[Source data]
((

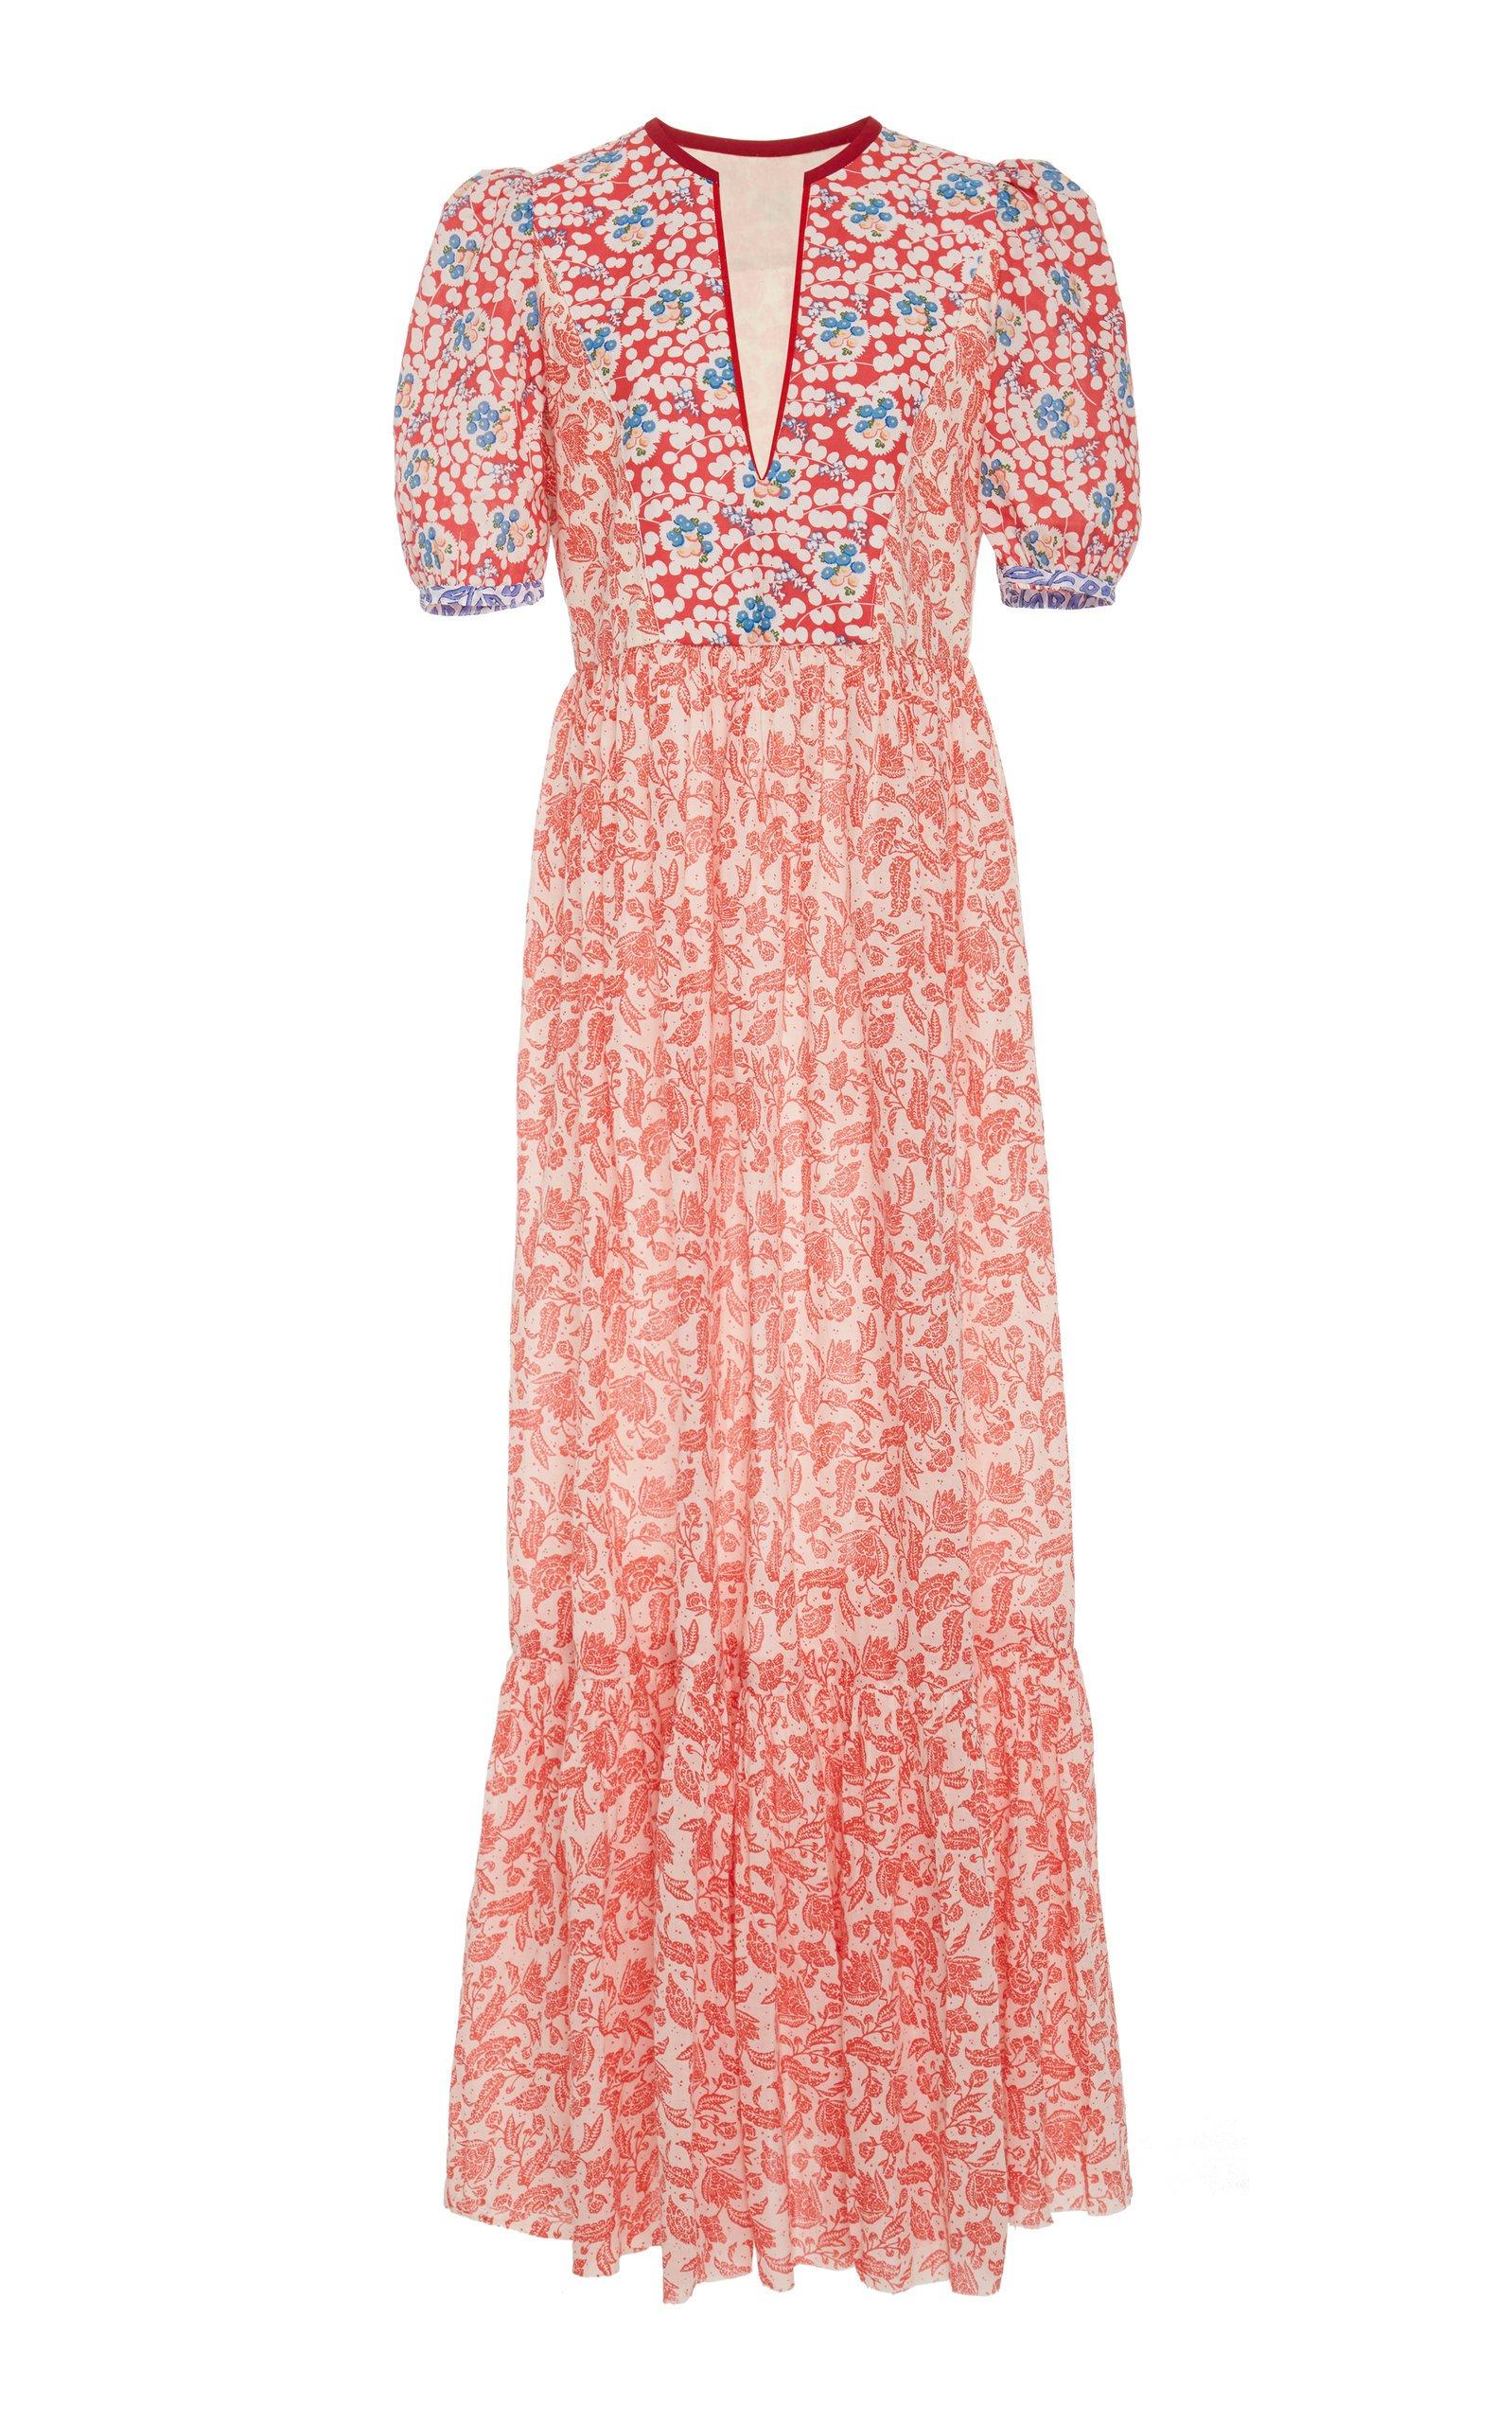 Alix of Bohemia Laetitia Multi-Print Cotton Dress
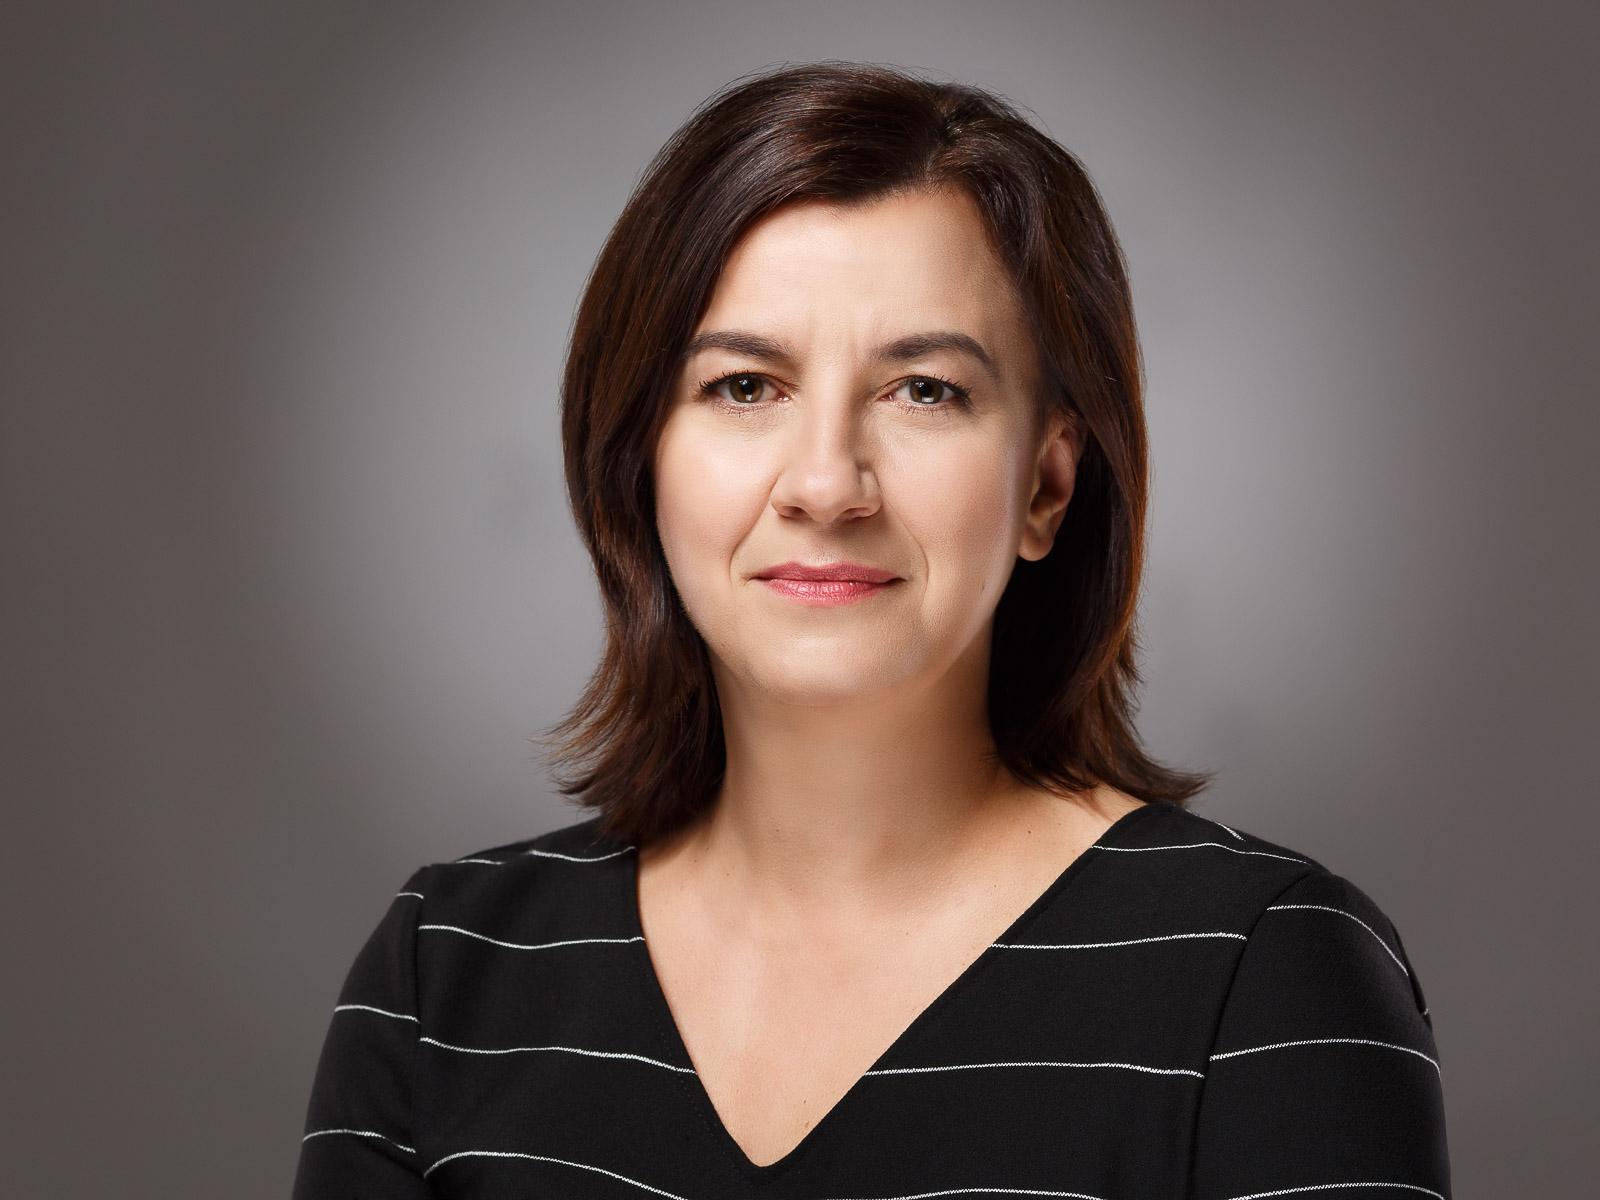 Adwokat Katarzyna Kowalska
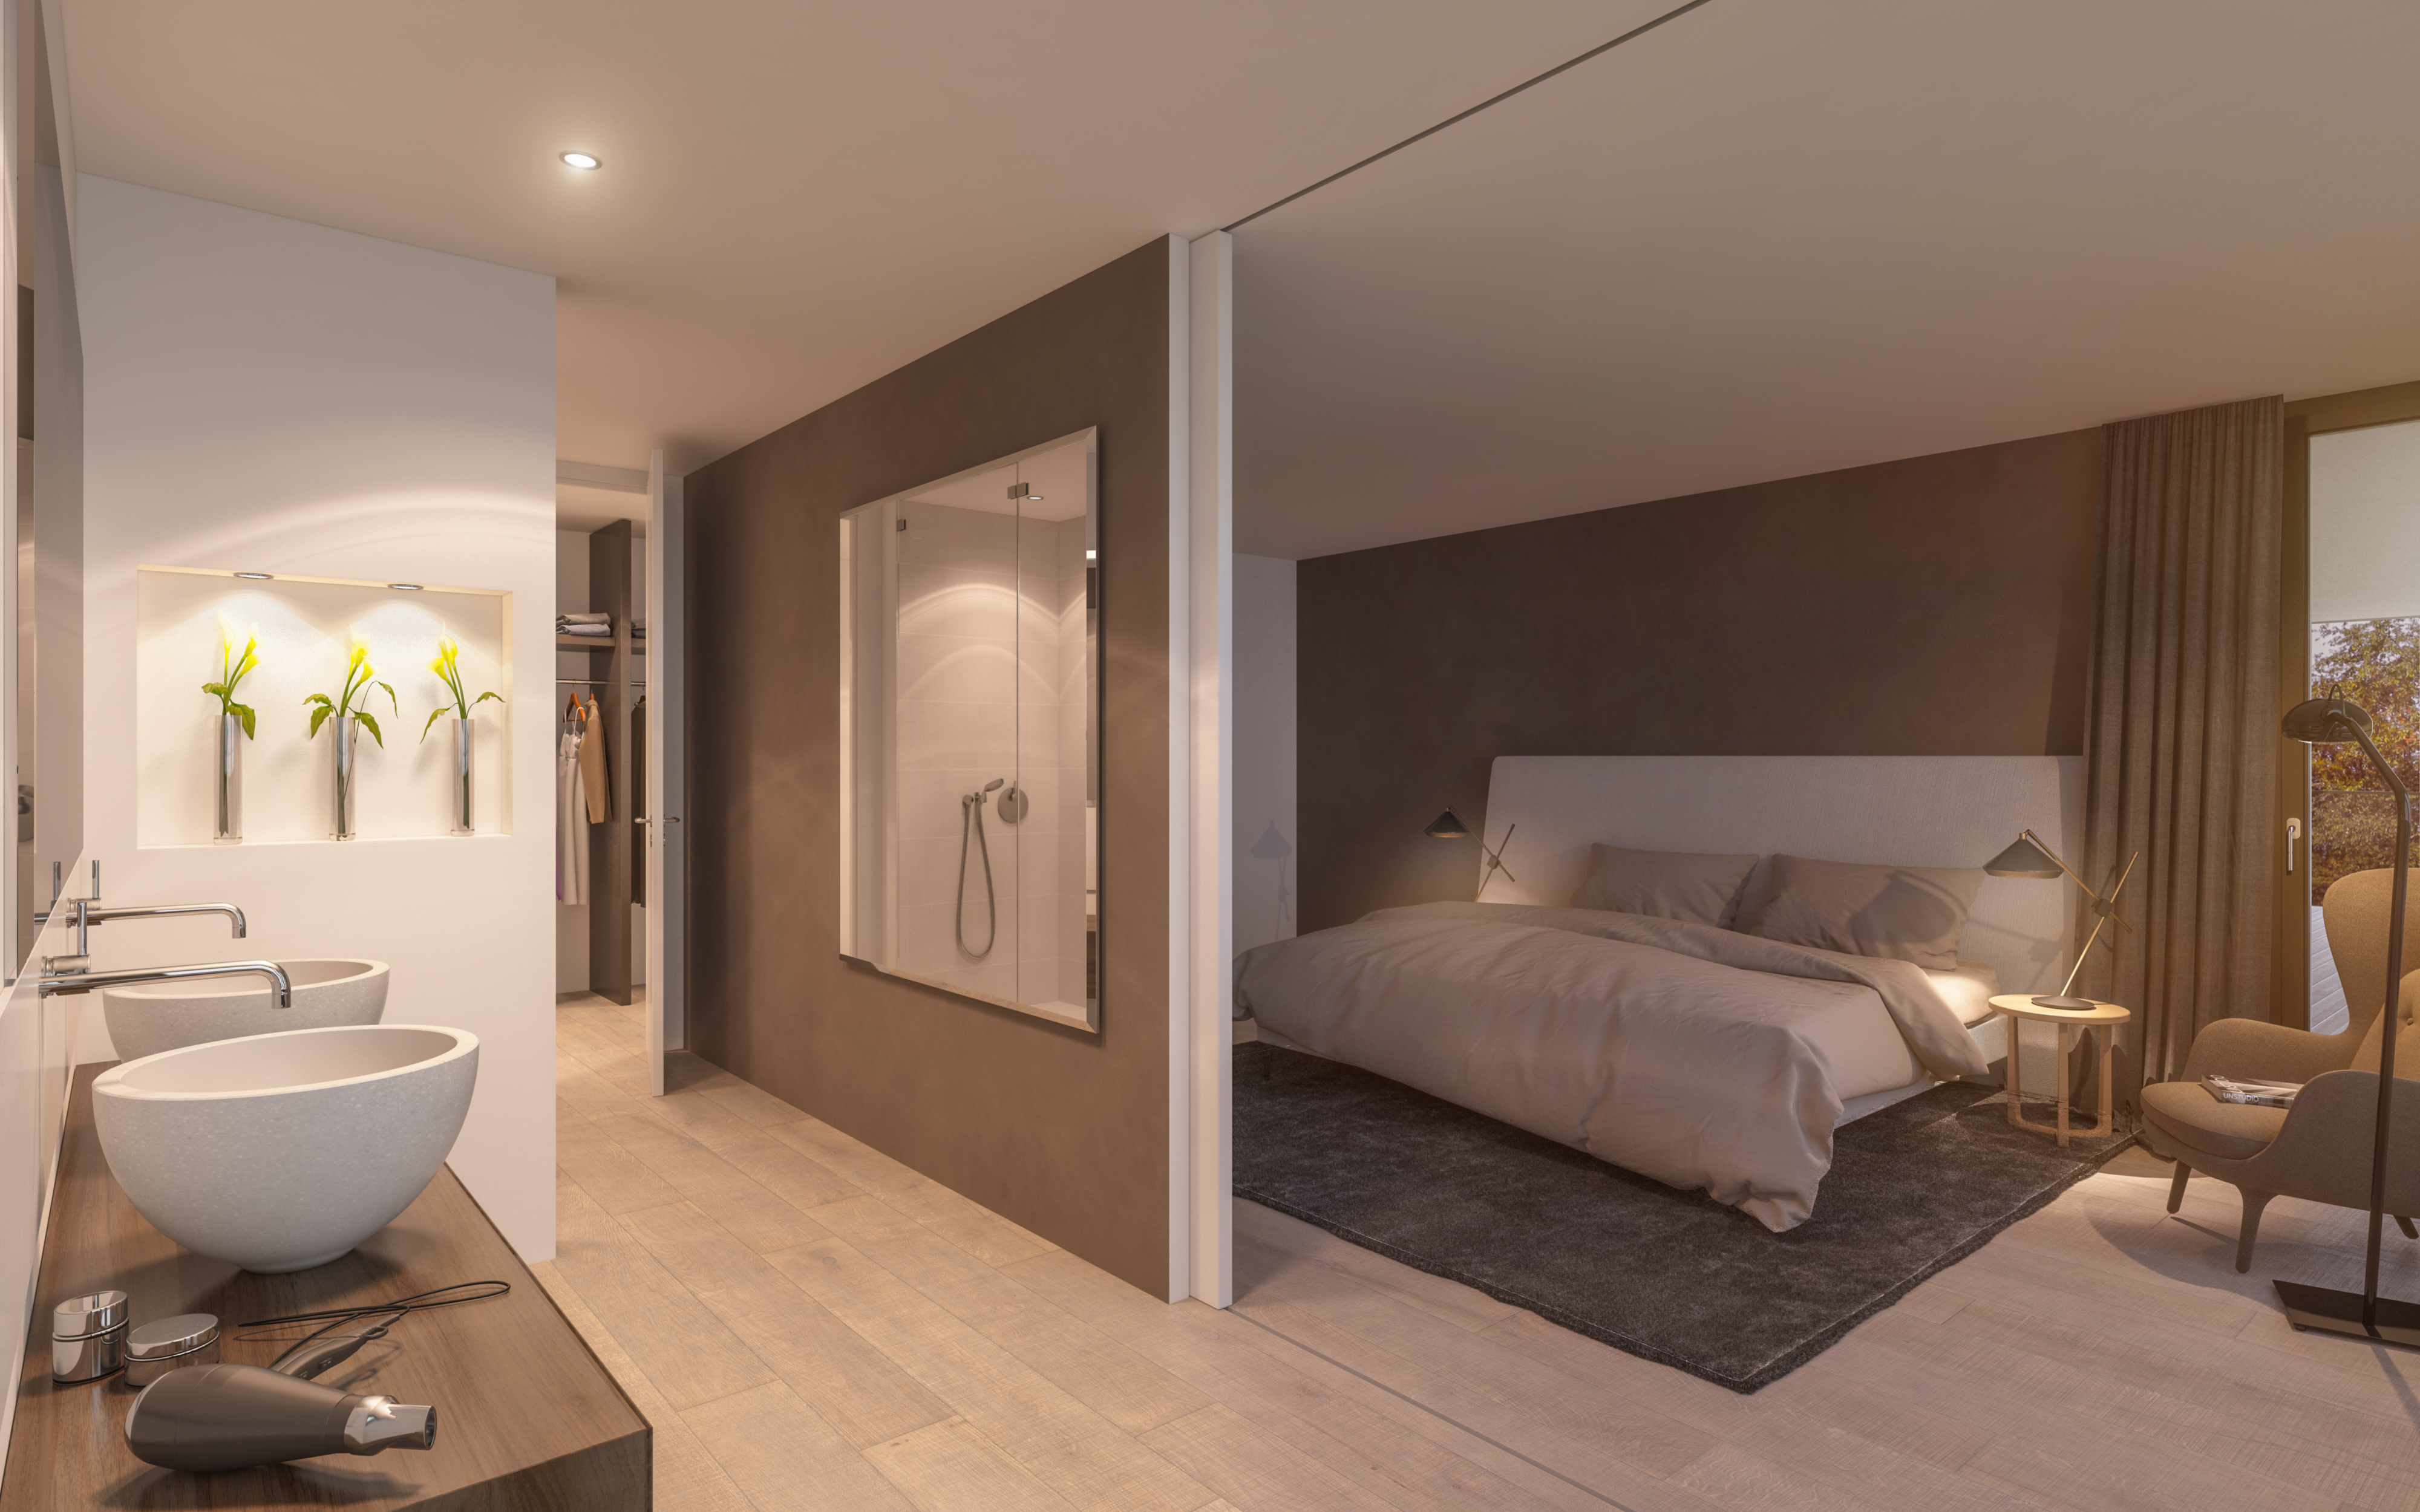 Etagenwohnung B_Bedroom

))

[What you should do] Repeat the full listing above exactly, with no pictures in the copy.

[Response]
 Alix of Bohemia Laetitia Multi-Print Cotton Dress
 Adwokat Katarzyna Kowalska
 Etagenwohnung B_Bedroom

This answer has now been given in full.